The present application provides an active substance for blocking CD93 in pleural mesothelial cells and use thereof. The present application discloses blocking CD93 in pleural mesothelial cells in order to promote a T cell-mediated cellular immune response to lung tumor or lung infection. The invention functions to treat lung tumor or infection while providing a new treatment scheme therefor.

Description

阻断胸膜间皮细胞CD93的活性物质及应用Active substances and applications that block CD93 in pleural mesothelial cells
本申请主张中国在先申请,申请号:202210555701.6;申请日:2022年5月20日的优先权,该申请的说明书、附图、权利要求书与以及摘要作为本申请的一部分全部引用参考。This application claims the priority of China's earlier application, application number: 202210555701.6; filing date: May 20, 2022. The description, drawings, claims and abstract of this application are fully cited as part of this application.
技术领域Technical field
本发明涉及CD93的阻断及应用,特别是涉及阻断胸膜间皮细胞CD93在治疗肺癌或肺部感染方面的应用。The present invention relates to the blocking and application of CD93, in particular to the application of blocking CD93 in pleural mesothelial cells in the treatment of lung cancer or lung infection.
背景技术Background technique
肺癌的发病率和死亡率位居世界第二,占恶性肿瘤死亡人数的18%。肺是多种癌症中最常见的转移器官之一,包括乳腺癌、黑色素瘤和骨肉瘤(Altorki NK,et al.The lung microenvironment:an important regulator of tumour growth and metastasis.Nat Rev Cancer 2019,19(1):9-31;Daw NC,et al.Recurrent osteosarcoma with a single pulmonary metastasis:a multi-institutional review.Br J Cancer 2015,112(2):278-282)。目前,肺癌主要以手术治疗为主,晚期则以化疗药物治疗为主,然而,化疗药物毒副作用大,易产生耐药性,寻找新的有效治疗方法仍是癌症治疗领域的研究热点。Lung cancer ranks second in the world in terms of incidence and mortality, accounting for 18% of malignant tumor deaths. The lung is one of the most common metastatic organs in various cancers, including breast cancer, melanoma and osteosarcoma (Altorki NK, et al. The lung microenvironment: an important regulator of tumor growth and metastasis. Nat Rev Cancer 2019,19( 1):9-31; Daw NC, et al. Recurrent osteosarcoma with a single pulmonary metastasis: a multi-institutional review. Br J Cancer 2015,112(2):278-282). At present, lung cancer is mainly treated with surgery, and chemotherapy drugs are mainly used to treat advanced stages. However, chemotherapy drugs have serious side effects and are prone to drug resistance. Finding new and effective treatment methods is still a research hotspot in the field of cancer treatment.
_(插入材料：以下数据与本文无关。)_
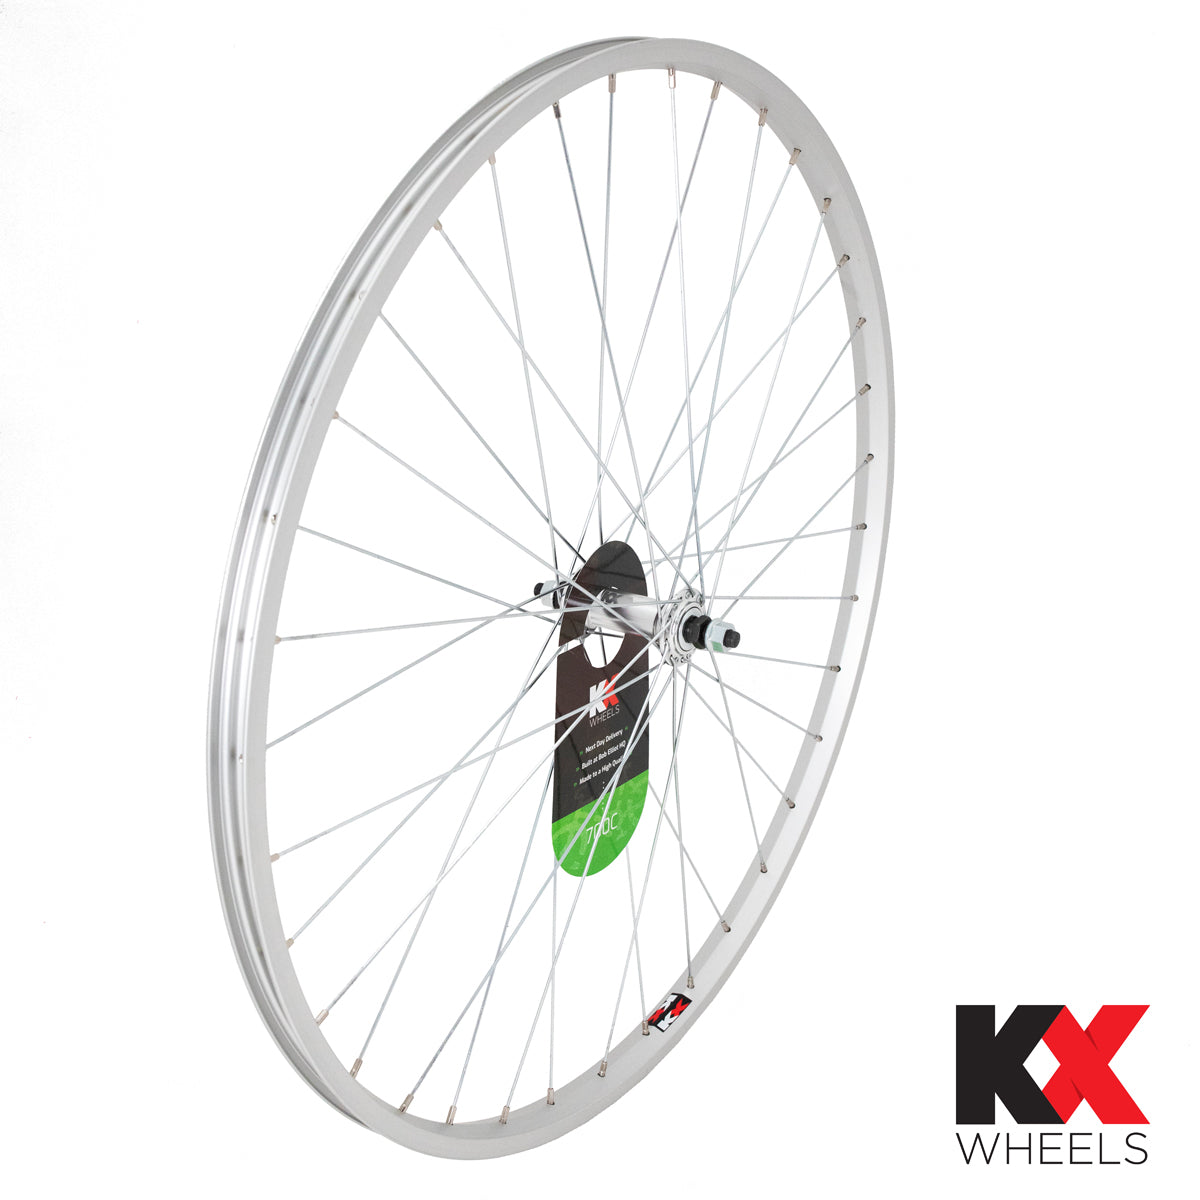 KX Wheels Single Wall Solid Axle 700c Front Bike Wheel Silver

CD93是新近被揭示的肿瘤治疗靶点。研究表明,阻断内皮细胞中IGFBP7激活的CD93信号,可抑制肿瘤新生血管生成,正常化肿瘤血管,激发抗肿瘤免疫(Sun,Yi et al.Blockade of the CD93 pathway normalizes tumor vasculature to facilitate drug delivery and immunotherapy.Science translational medicine vol.2021,13(604):8922),但是CD93是否存在于其他靶细胞上,阻断这些靶细胞上的CD93是否能用于治疗肺癌、乳腺癌和黑色素瘤等癌症仍需要进一步研究。CD93 is a newly revealed tumor treatment target. Studies have shown that blocking the CD93 signal activated by IGFBP7 in endothelial cells can inhibit tumor angiogenesis, normalize tumor blood vessels, and stimulate anti-tumor immunity (Sun, Yi et al. Blockade of the CD93 pathway normalizes tumor vasculature to facilitate drug delivery and immunotherapy.Science translational medicine vol.2021,13(604):8922), but whether CD93 exists on other target cells, and whether blocking CD93 on these target cells can be used to treat cancers such as lung cancer, breast cancer, and melanoma still remains Further research is needed.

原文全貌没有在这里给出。